As I write this article, the ratio stands at just over 88:1. That means it takes 88 ounces of silver to buy an ounce of gold. To put that into perspective, the average in the modern era has been between 40:1 and 60:1.
In simple terms, historically, silver is extremely underpriced compared to gold.
Last summer, the ratio climbed to nearly 93:1 as gold rallied. Silver closed the gap in the fall and the ratio dropped into the low 80s’ to one. But in recent weeks, we’ve seen the gap widening once again.
In 2019, the silver-gold ratio averaged 86:1. That ranks in the top 2% all-time, dating back to 1687. Only two years in the era since the US government unpegged the dollar from gold have seen higher ratios – 1991 and 1992.
Here’s some historical perspective.
Geologists estimate that there are approximately 19 ounces of silver for every ounce of gold in the earth’s crust, with a ratio of approximately 11.2 ounces of silver to each ounce of gold that has ever been mined. Interestingly, the silver-gold ratio in ancient Egypt was 1:1.
In 1792, the gold/silver price ratio was fixed by law in the United States at 15:1. France mandated a ratio of 15.5:1 in 1803. Faced with the challenges of a bi-metallic monetary system with fixed exchange rates and the aftermath of a worldwide financial crisis, the US Congress passed the Coinage Act of 1873. Following the lead of other Western nations, including England, Portugal, Canada, and Germany, this act formally demonetized silver and established a gold standard for the United States.
With silver playing a smaller role as a monetary metal, the silver-gold ratio gradually spread. The modern average over the last century has been around 40:1.
Since the world went to a total fiat money system, there seems to be some correlation between the silver-gold ratio and central bank money-creation. During periods of central bank money-printing, the gap tends to shink. In fact, it plummeted in the aftermath of the 2008 financial crisis as the Fed engaged in extreme monetary policy.
But as Peter Schiff has explained, the Federal Reserve fooled everybody into believing low interest rates and quantitative easing were temporary – that they were emergency fixes. The mainstream expected the Fed would eventually raise interest rates and shrink the balance sheet. But it’s become clear that wasn’t the case. Extreme monetary policy is the new normal.

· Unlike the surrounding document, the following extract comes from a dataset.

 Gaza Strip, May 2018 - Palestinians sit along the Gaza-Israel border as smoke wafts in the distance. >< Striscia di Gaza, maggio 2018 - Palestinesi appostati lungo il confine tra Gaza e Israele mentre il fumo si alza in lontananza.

Peter has said that when the mainstream figures this out, gold will go through the roof. If that’s the case, silver will almost certainly go up with it. Silver is much more volatile than gold due to its industrial role, but at its core, it is still a monetary metal and it tends to track relatively consistently with gold over time. When gold goes up, it almost always takes silver with it
Furthermore, it may well mean the silver-gold ratio will shrink again as it did in the years after the ’08 crash. Historically, during a bull market in gold, silver outperforms. If this holds trues, that ratio will close.
As commodities analyst Jason Hamlin said in an article published by Seeking Alpha, “The gold-silver ratio has been one of the most reliable technical ‘buy’ indicators for silver, whenever the ratio climbs above 80.”

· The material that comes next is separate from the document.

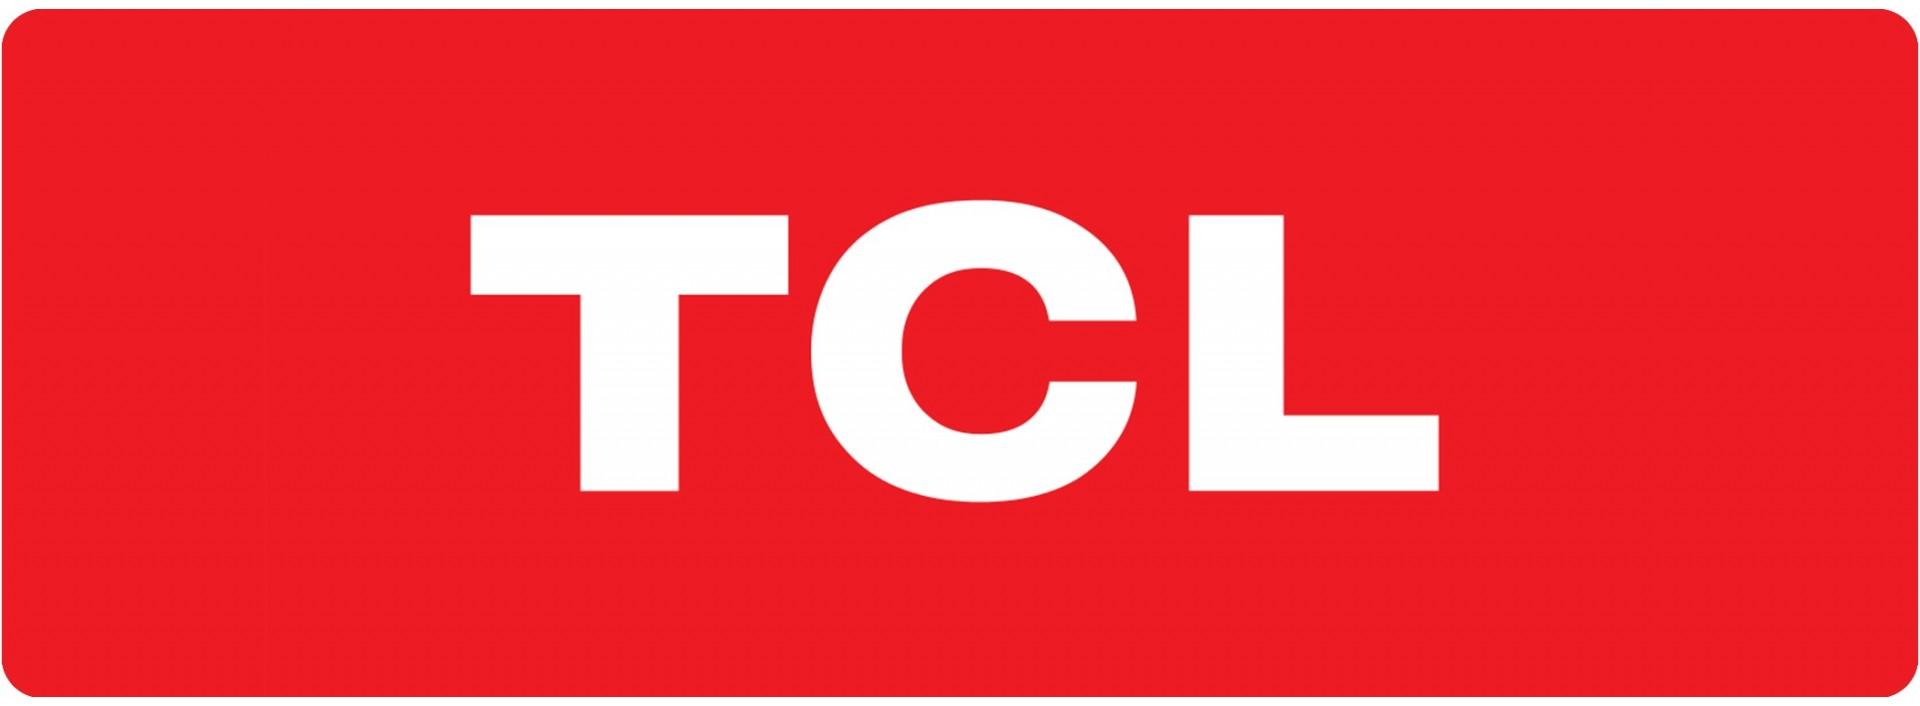 TCL Fundas PERSONALIZADAS, el mejor precio y calidad

The silver-gold ratio has been out of whack for quite a while now, but investors still aren’t buying. Of course, the mainstream, by-and-large, isn’t buying gold either. They still seem convinced that the Fed can keep the air in the stock market bubble.
Silver has hit an all-time high of $49 per ounce twice – in January 1980 and then again in April 2011. If you adjust that $49 high for inflation, you’re looking at a price of around $150 per ounce. In other words, silver has a long way to run up.
As one analyst put it, “With the long-term downside potential of silver very low versus its current valuation, the risk/reward is one of the best investments on the planet.”